>>7650749I drank with her and smoked weed for more than half a year pretty much, but after I saw this was getting serious, I wanted to try and make this a healthier relationship, where we could enjoy each other's company without alcohol. I was able to do that, since I only ever drank when others did, including with her. But I noticed that even when we agreed we'd drink something non-alcoholic that day, she'd agree at first, but when we'd meet up, she drank anyway, even though I didn't. It was sad honestly. She wasn't able to show a gesture of appreciation and literally drink something healthy like once in 1.5y we spent together.
At one point I said it's pointless trying to change her, and I basically gave up. Said to myself I'll stay in it for fun now. That was one year down the line. Then corona happened, and we got locked out for 2 or so months, during which we couldn't meet. She didn't drink during that time as much as I'm aware, I mean stores didn't work.

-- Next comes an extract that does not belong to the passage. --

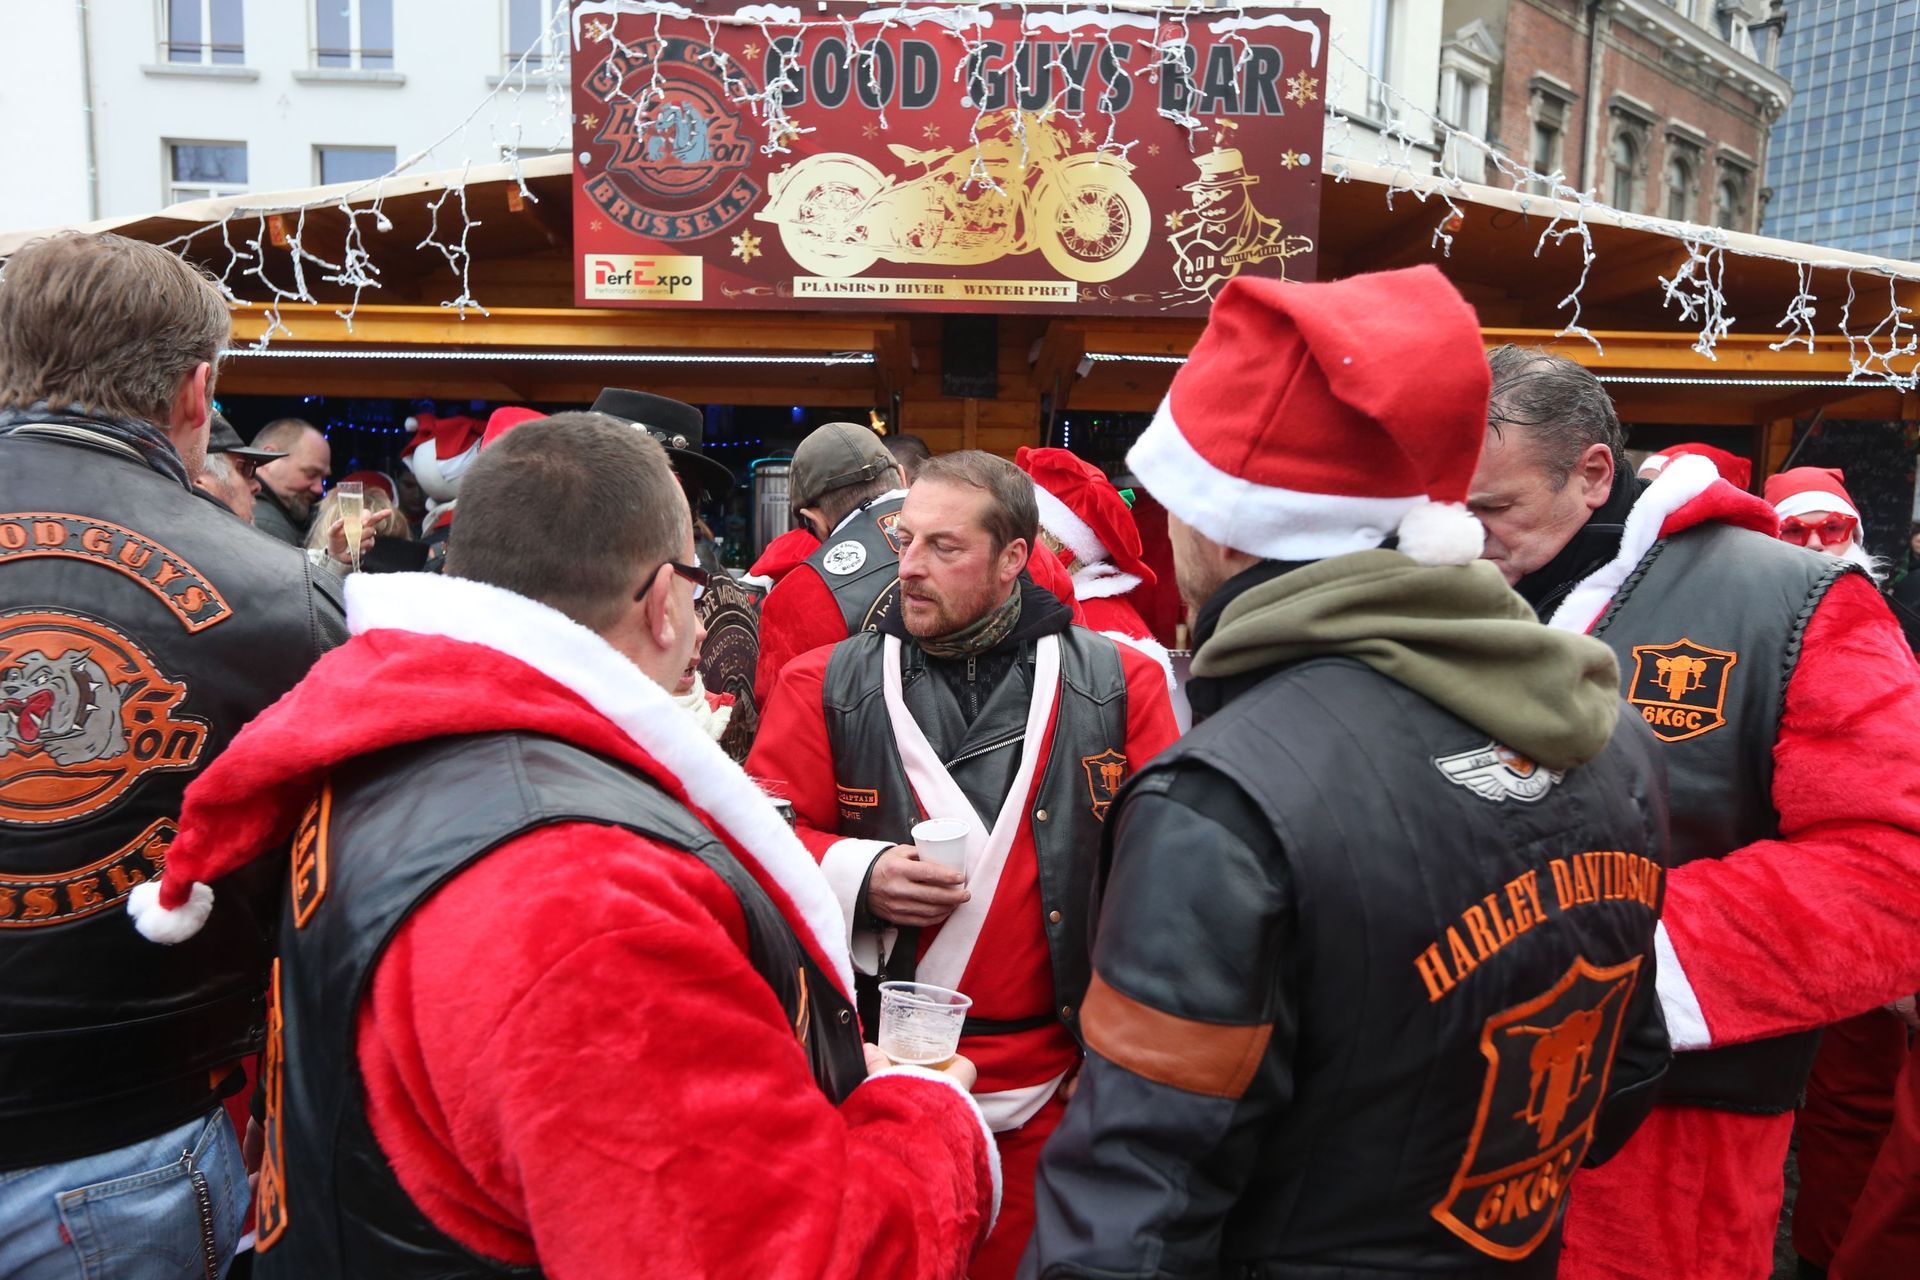 Quelques participants ont préféré arborer les couleurs Harley, et le chapeau de père Noël a suffi pour intégrer le défilé
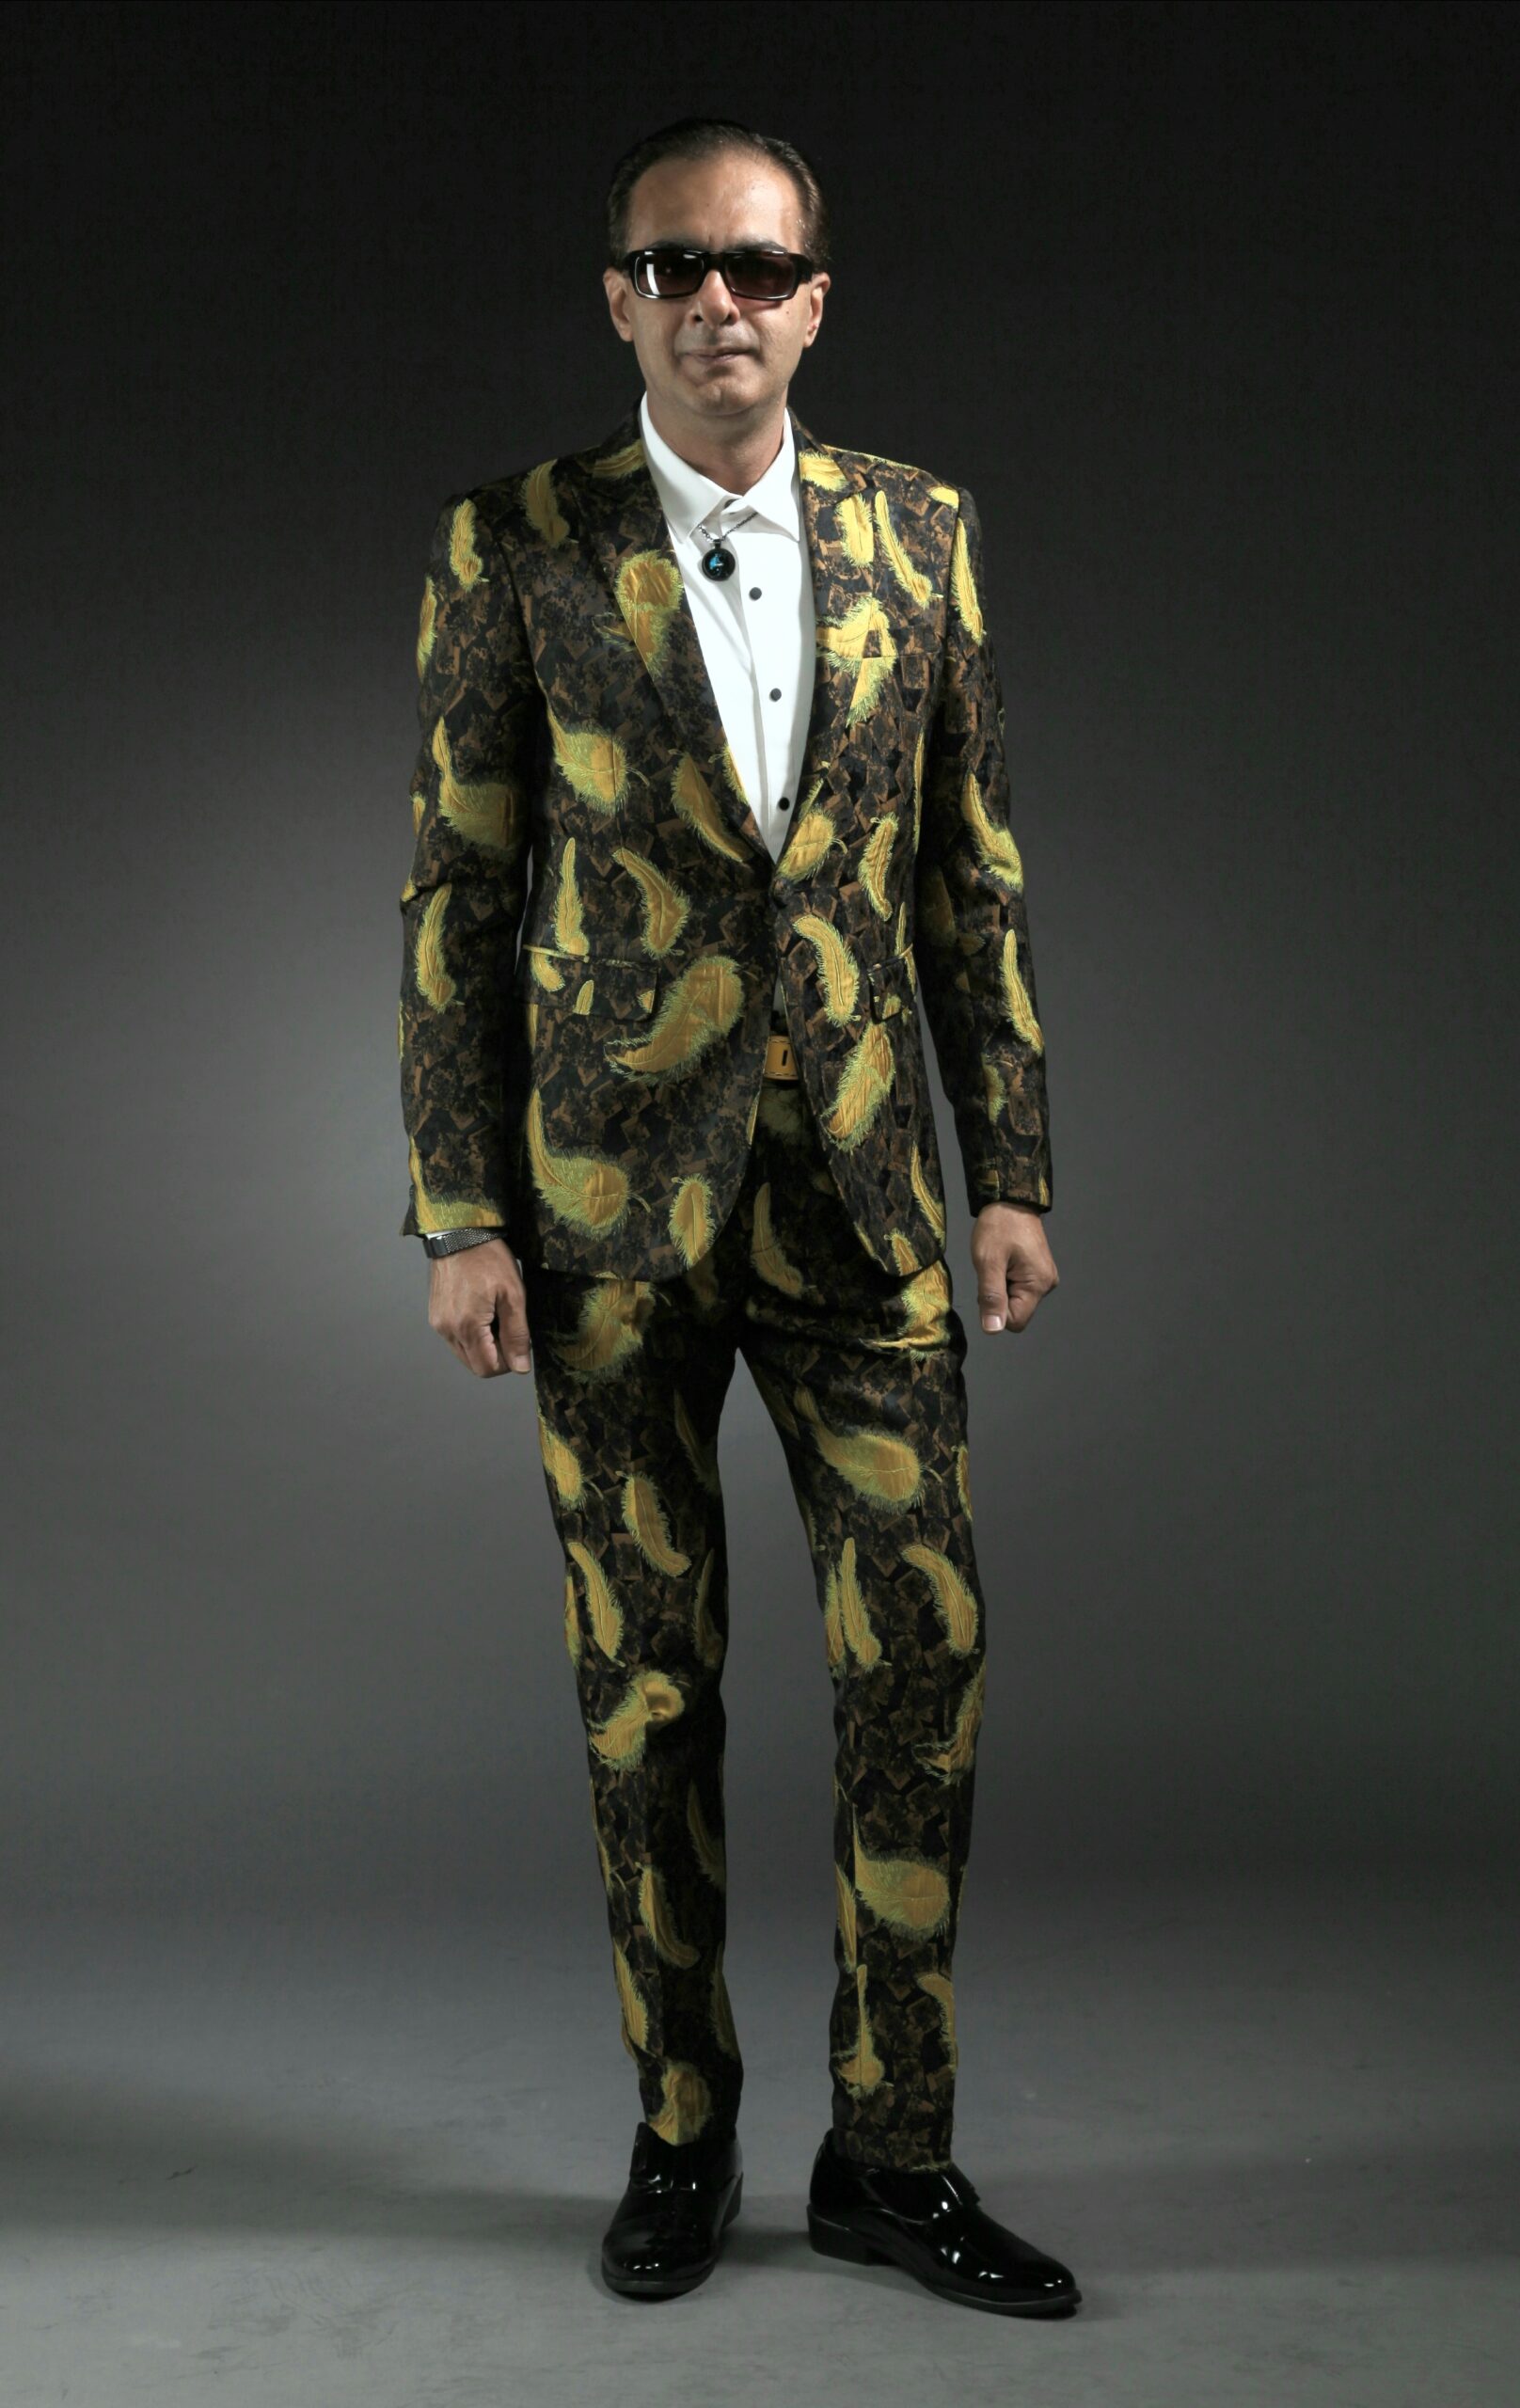 Mst 5016 03 Rent Rental Hire Tuxedo Suit Black Tie Suit Designer Suits Shop Tailor Tailors Singapore Wedding

After we met up finally once everything calmed down, the usual behavior continued. At that point, even though we had some good times, and I've developed an attachment to her, I was getting ready to let go of this dysfunctional shit. But something happened in the meantime. Right after corona, she got pregnant. Now, at that point I firmly believed it was my kid, but thinking about it now, I'm not even sure anymore. Anyway, we agreed to get an abortion, as I would've had to quit uni, and she wouldn't get to finish HS. It was a sensible thing to do.
I went through the whole abortion with her, and stayed for another 2 months after it happened, as I couldn't leave her when she was that vulnerable. Boy was I wrong. I had already started to act distant, since she never showed an interest in making the relationship work out.
Then came a day when I just told her I thought this wouldn't work out, and it'd be for the best if we parted ways. But I wasn't ready to let go.